## TASK REQUIREMENTS
Only the lines from the one containing "Dumbarton Rock Art" through the final line below belong in the output, copied exactly and without pictures.

(INFORMATION SUPPLIED begins)

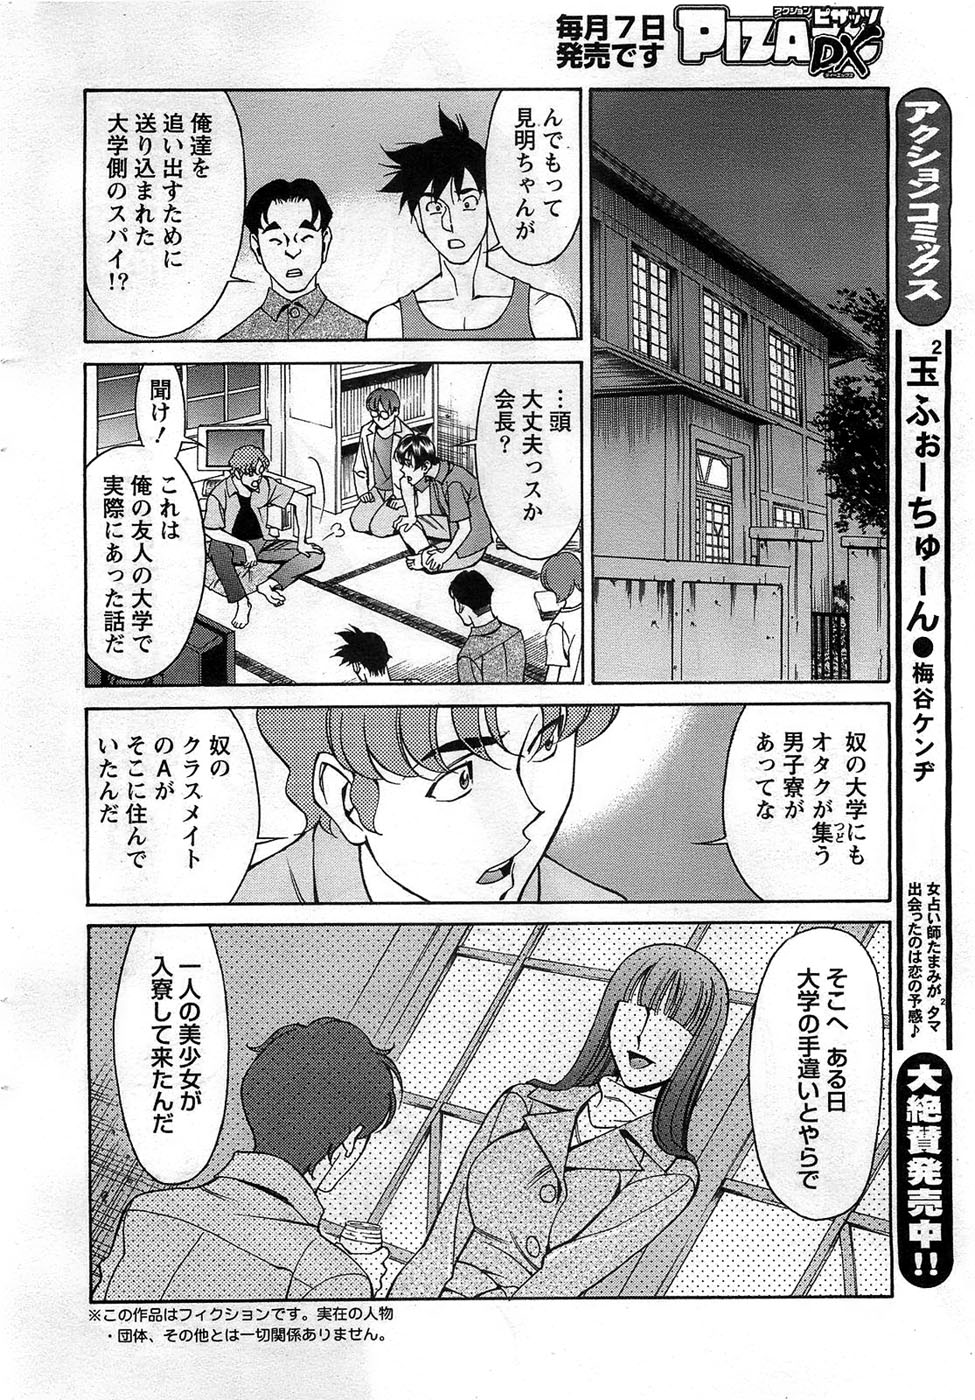 Action Pizazz DX 2008-11 page 26 full
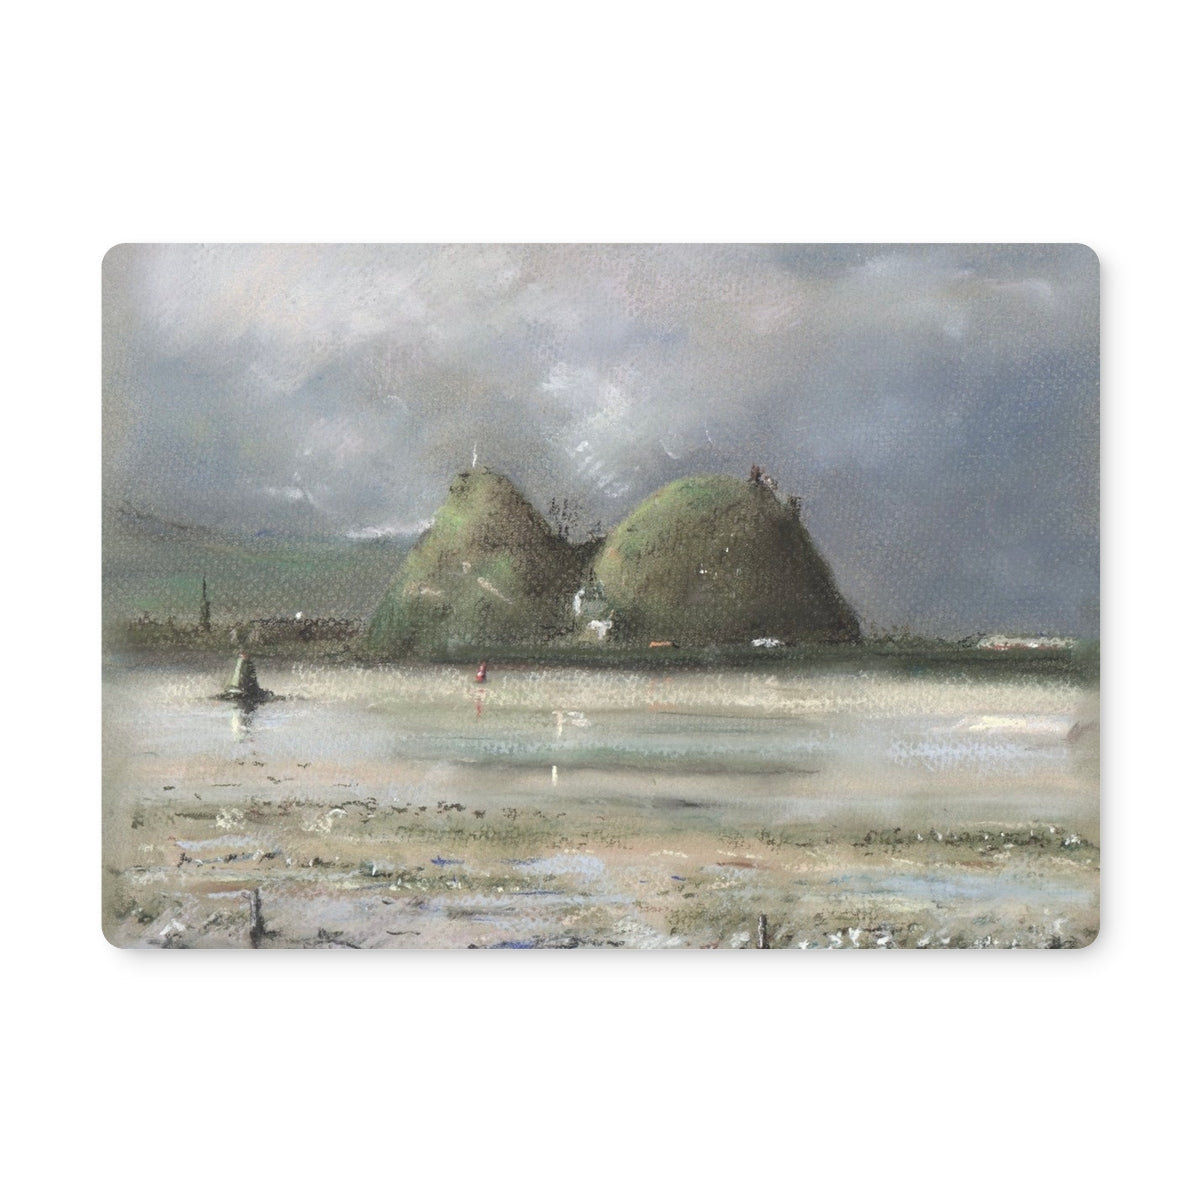 Dumbarton Rock Art Gifts Placemat-Placemats-River Clyde Art Gallery-2 Placemats-Paintings, Prints, Homeware, Art Gifts From Scotland By Scottish Artist Kevin Hunter
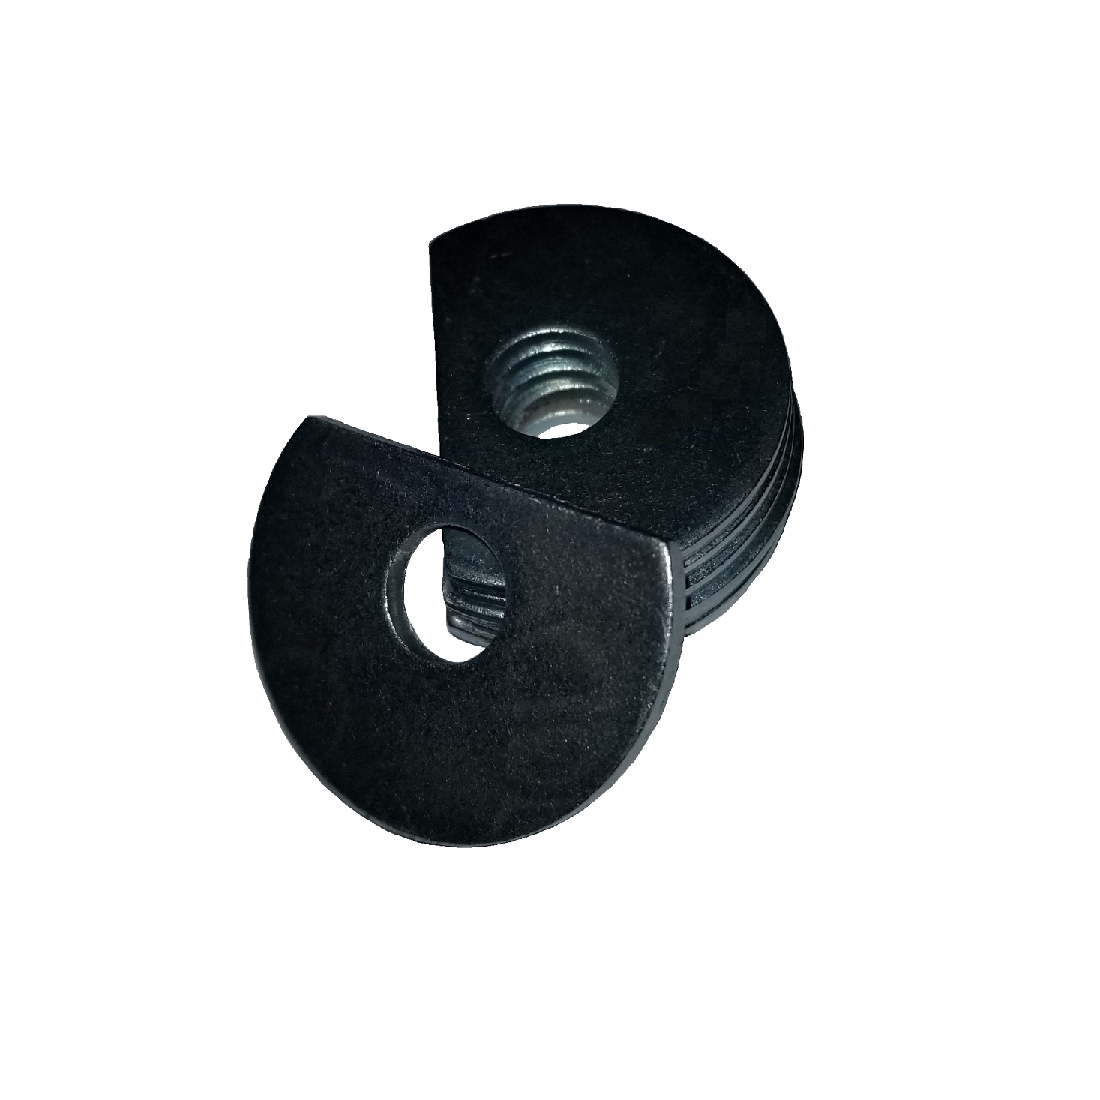 Clipped OD Washer - 1.031 ID, 2.750 OD, 0.125 Thick, Aluminum

(INFORMATION SUPPLIED ends)

## EXERCISE RESULT
 Dumbarton Rock Art Gifts Placemat-Placemats-River Clyde Art Gallery-2 Placemats-Paintings, Prints, Homeware, Art Gifts From Scotland By Scottish Artist Kevin Hunter
 Clipped OD Washer - 1.031 ID, 2.750 OD, 0.125 Thick, Aluminum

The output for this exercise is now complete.